Are They Worth the Hype?
It’s still too early to tell, says Campbell, as research on topical prebiotics and probiotics is limited. Per one 2019 study published in Dermatology Online Journal, “topical probiotics have shown efficacy in a number of limited trials, particularly those involving the treatment of acne, atopic dermatitis, and rosacea. However, there is a paucity of literature on the safety profiles, mechanistic action, and therapeutic potential of topical probiotic products.”
PHAs
Polyhydroxy acids, or PHAs for short, are acids used to exfoliate similarly to alpha hydroxy acids (AHAs) and beta hydroxy acids (BHAs), explains Bard.

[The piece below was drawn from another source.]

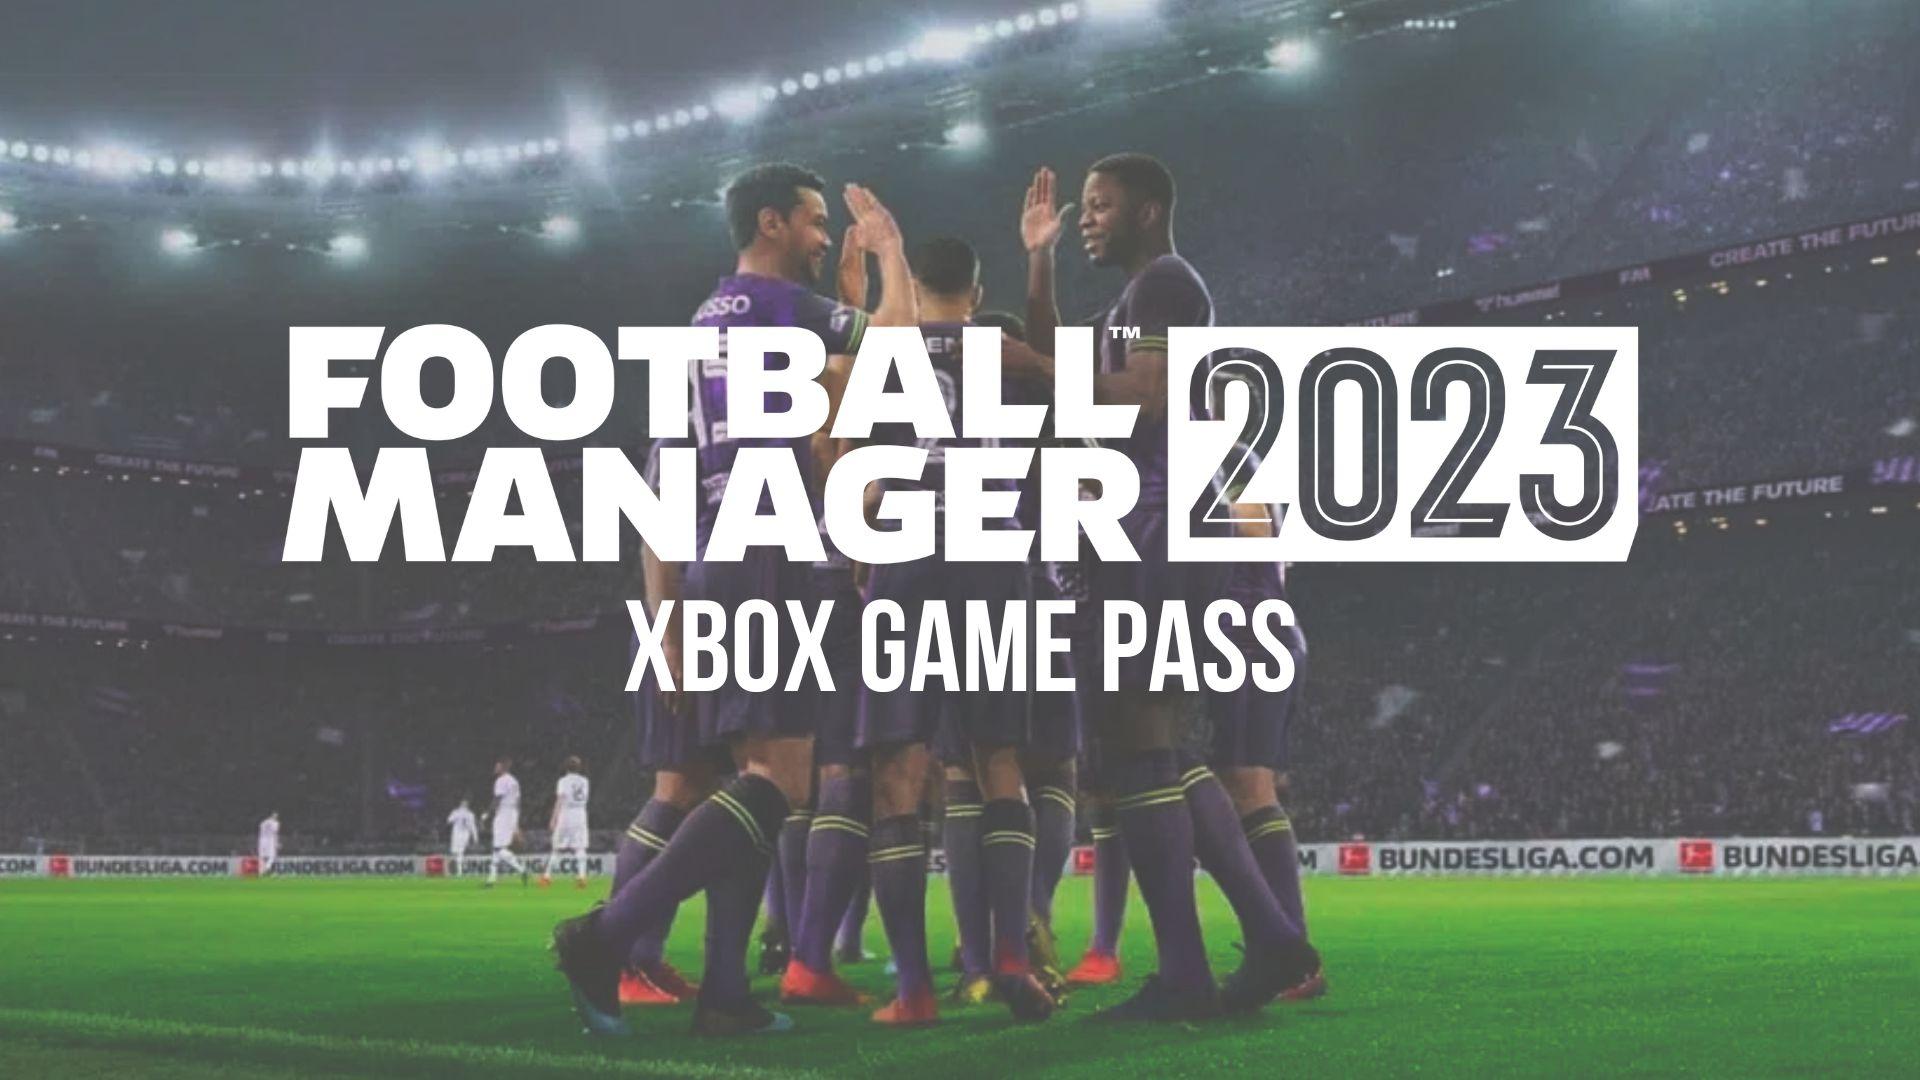 Football Manager 2023 logo and game pass text

What Are the Potential Skin Benefits?
Use of chemical AHAs like glycolic, lactic, and malic acids and BHAs (salicylic acid) have been shown to result in smoother, clearer, brighter skin.
PHAs are gentler than other chemical exfoliants, making them a potential must-have for sensitive skin types. They “are less irritating to the skin as they do not penetrate the skin’s barrier as deeply,” says Campbell. That’s because the molecules are larger than AHAs and BHAs, says Bard. Campbell adds that PHAs also show some moisturizing and antioxidants benefits too.
Are They Worth the Hype?
It depends on your skin type. “If you have rosacea or eczema, these might be better options for chemical exfoliation,” says Campbell. If you get regular breakouts, though, you’re better off using a stronger acid. “Those with acne who use peels would benefit more from peels that penetrate deeper into the pore and break up any clogs, i.e. salicylic acid,” says Bard.
In general, Campbell prefers chemical exfoliants, like AHAs, BHAs, and PHAs, over manual brushes or scrubs because “they are a bit safe for the skin in most cases,” she says.